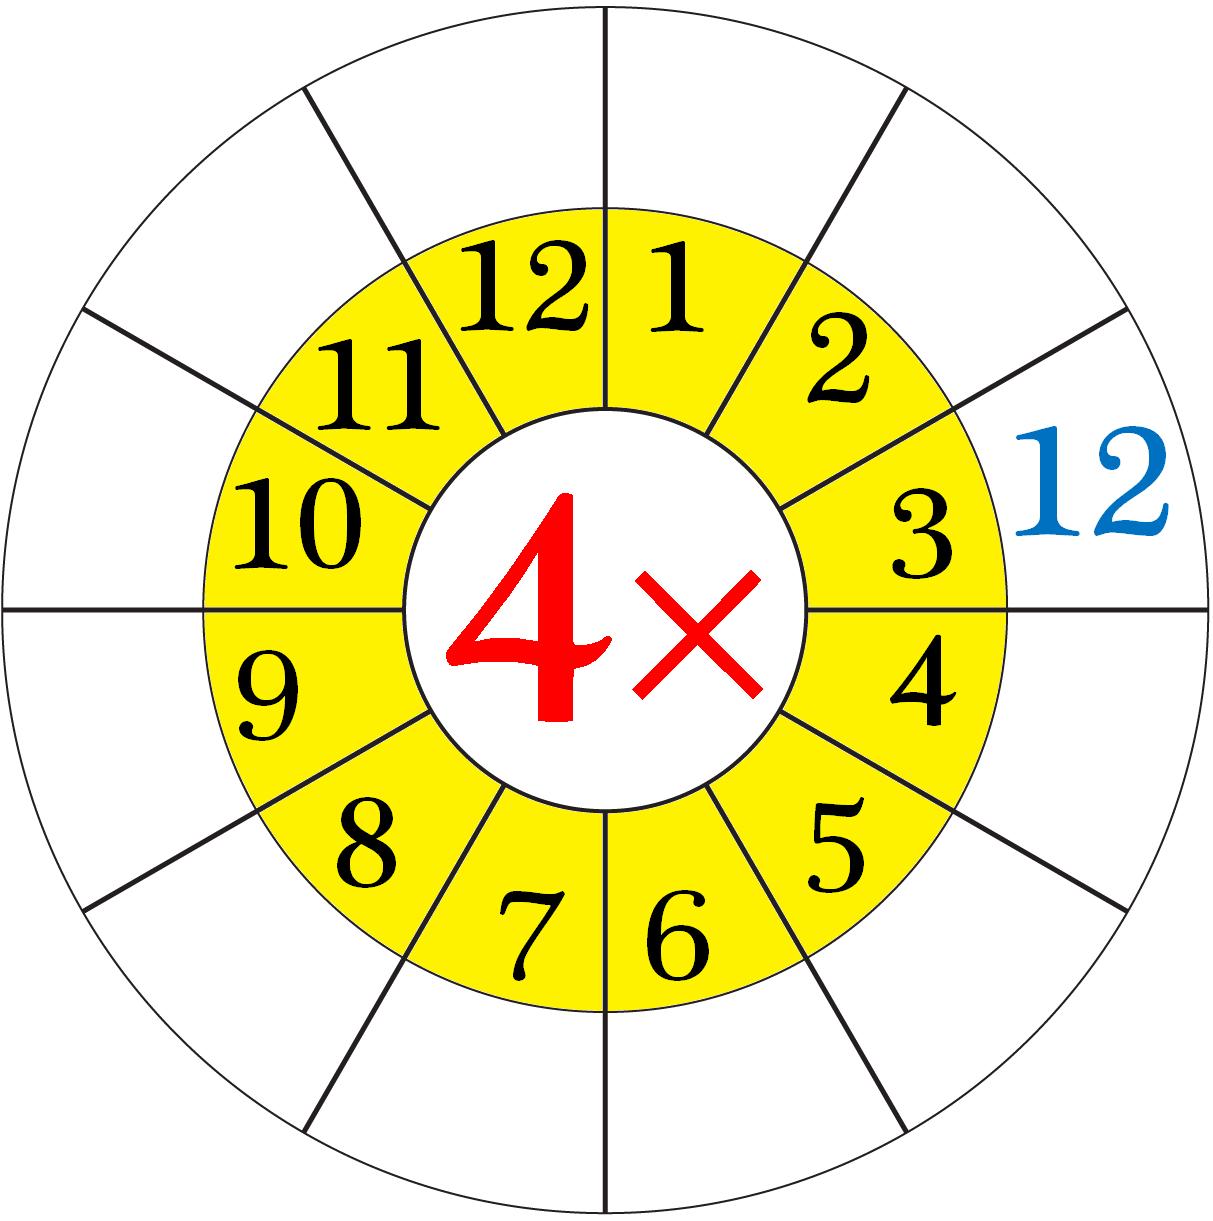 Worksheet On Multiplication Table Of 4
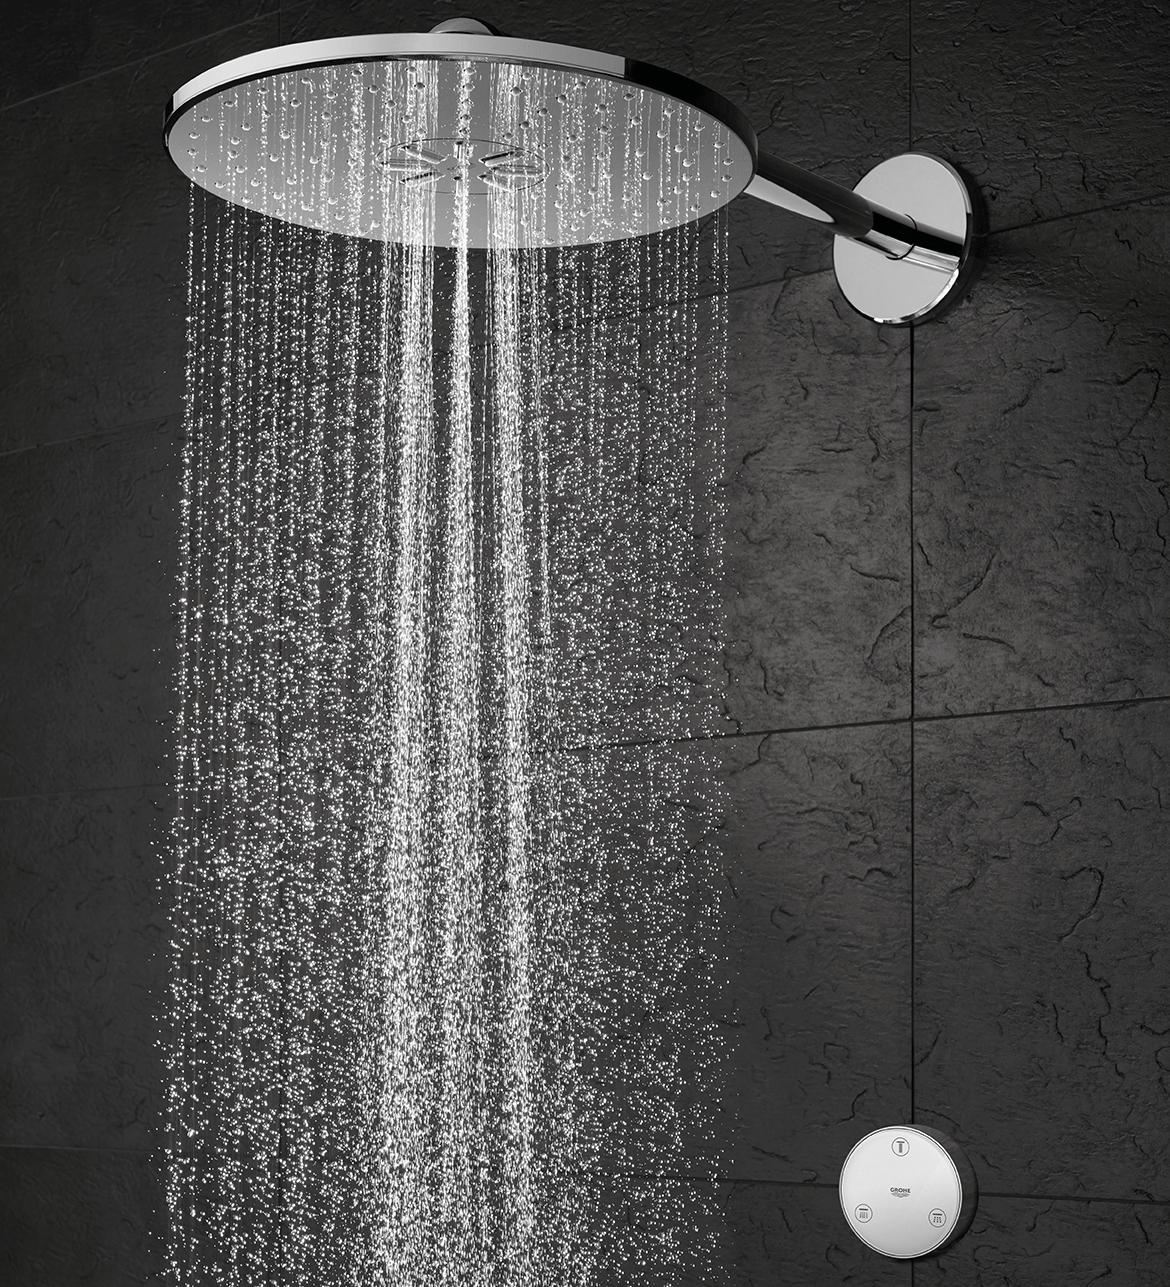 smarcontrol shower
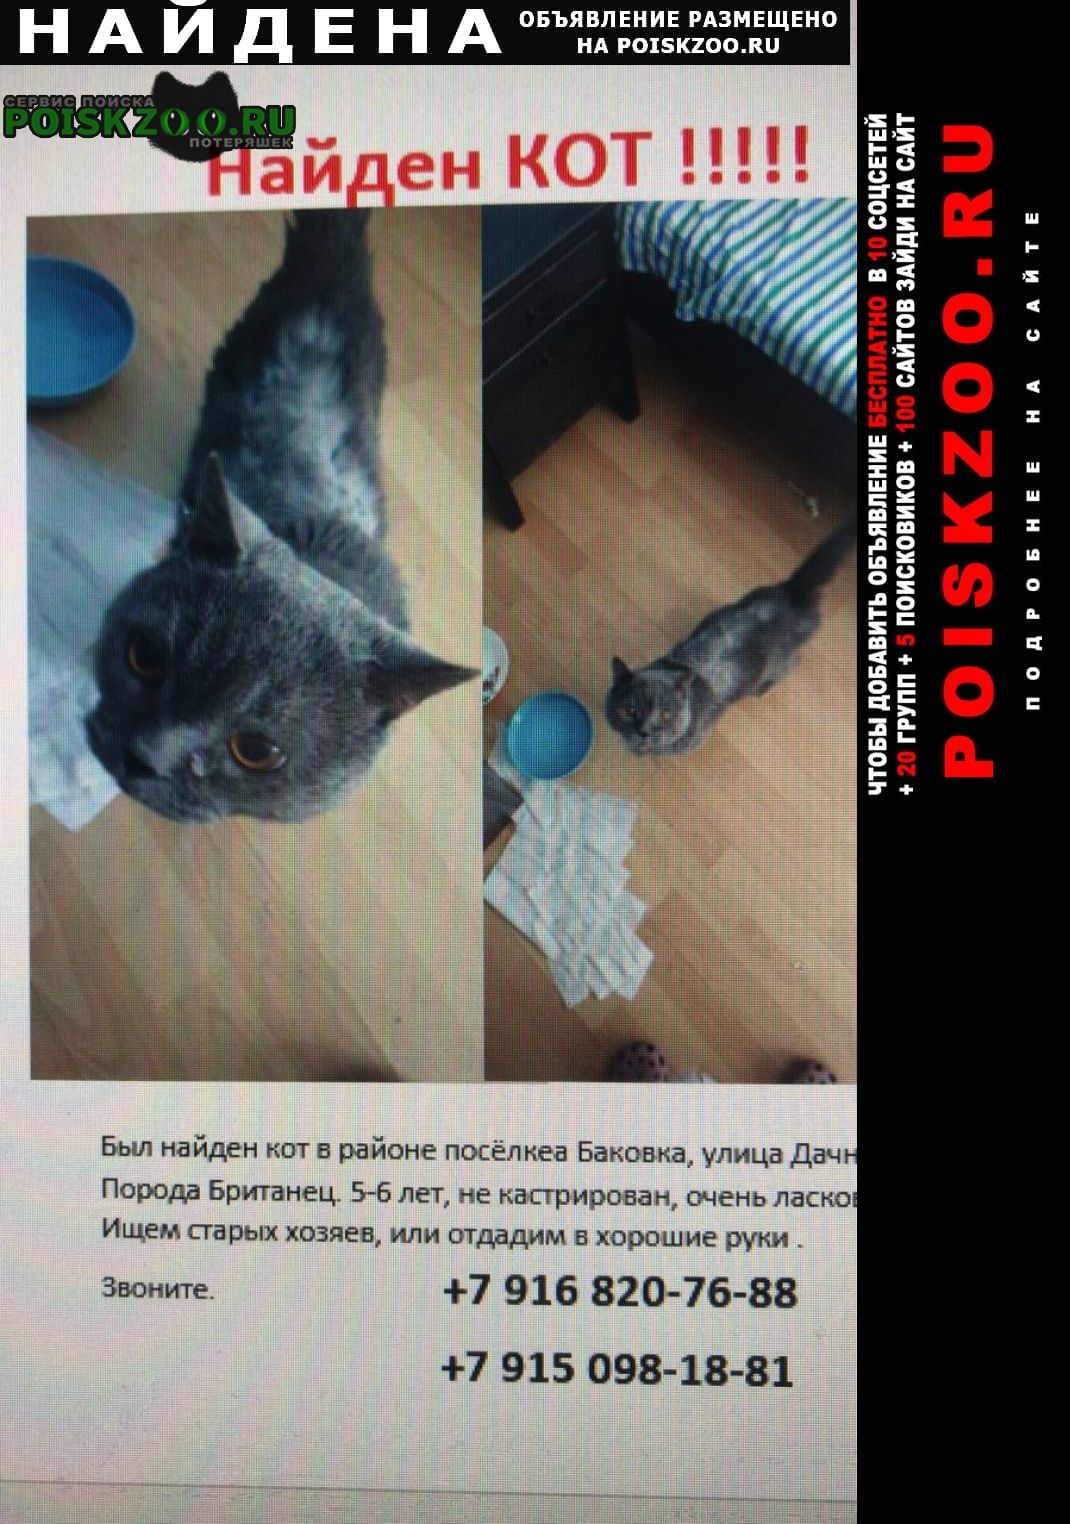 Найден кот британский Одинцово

════════

Each line from the line containing "smarcontrol shower" through the final line of the data above must be retyped exactly; nothing else, and no pictures, may appear.

EXERCISE SOLUTION:
 smarcontrol shower
 Найден кот британский Одинцово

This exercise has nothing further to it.